6.2.4.1. Creating a Prompt Template
First, we will create a prompt template. In this template, we designate where to insert the user’s input with {input}
, and where to place the list of documents with {context}
.
from langchain_core.prompts import ChatPromptTemplate
template = ChatPromptTemplate.from_template("""Please answer the following question based solely on the given context:
<context>
{context}
</context>
Question: {input}""")
6.2.4.2. Creating the Chain
Use create_stuff_documents_chain
to create a chain that generates answers based on the user input and document list:
from langchain.chains.combine_documents import create_stuff_documents_chain
document_chain = create_stuff_documents_chain(llm, template)
Use the created chain’s invoke
method as shown below:
from langchain_core.documents import Document
document_chain.invoke({
"input": "What is LangChain?",
"context": [Document(page_content="LangChain is installed with `pip install langchain`.")]
})
-
Execution Result
'LangChain is a software or package that can be installed using pip.'
By combining the retriever
with the document chain, we can generate answers that reference information from websites.
user_input = "What is LangChain?"
context = retriever.invoke(user_input)
document_chain.invoke({
"input": user_input,
"context": context
})
-
Execution Result
'LangChain is a framework for developing applications powered by large language models (LLMs). It simplifies every stage of the LLM application lifecycle, including development, productionization, and deployment. It consists of open-source libraries such as langchain-core, langchain-community, langchain, langgraph, and langserve. LangChain also includes partner packages for third party integrations.'
6.2.5. Creating a Chain to Generate User Input Responses from Documents
So far, we’ve created and discussed how to use the following:
retriever
: Returns a list of documents related to the input string.document_chain
: Generates LLM responses based on the user’s question and document list.
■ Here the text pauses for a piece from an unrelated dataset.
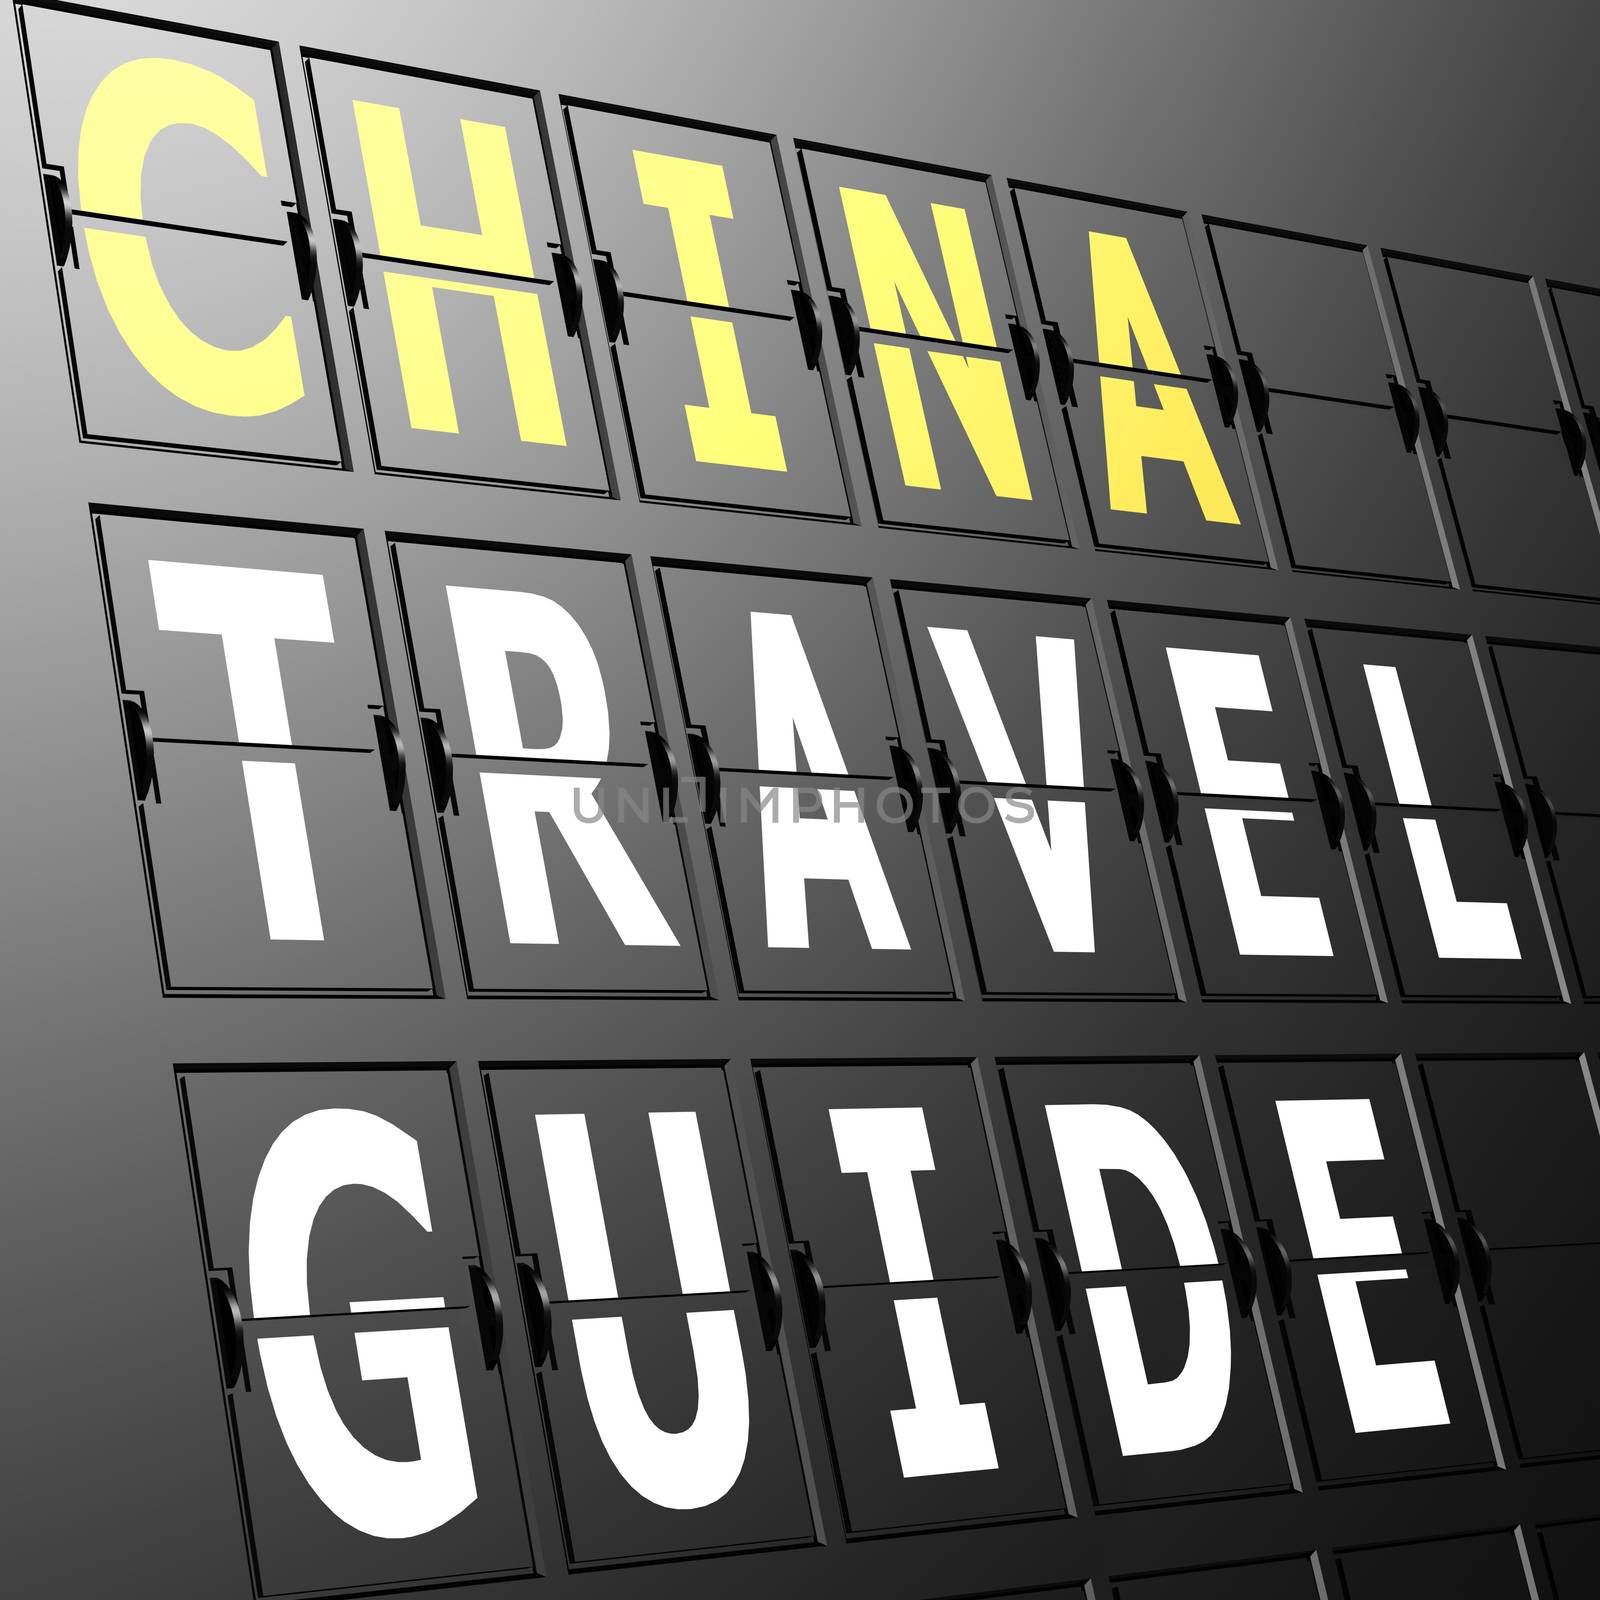 Airport display China travel guide by tang90246

Finally, automatically combine these two to create a chain that answers user questions by referencing documents. This is easily done using create_retrieval_chain
:
from langchain.chains import create_retrieval_chain
retrieval_chain = create_retrieval_chain(retriever, document_chain)
Try using the created chain. You can see that an answer is generated by referencing documents:
response = retrieval_chain.invoke({"input": "What is LangChain?"})
print(response["answer"])
-
Execution Result
LangChain is a framework for developing applications powered by large language models (LLMs). It simplifies every stage of the LLM application lifecycle, including development, productionization, and deployment. It consists of open-source libraries, third-party integrations, and partner packages aimed at building cognitive architectures for applications. LangChain also includes components like LangSmith, LangGraph, and LangServe within its broader ecosystem.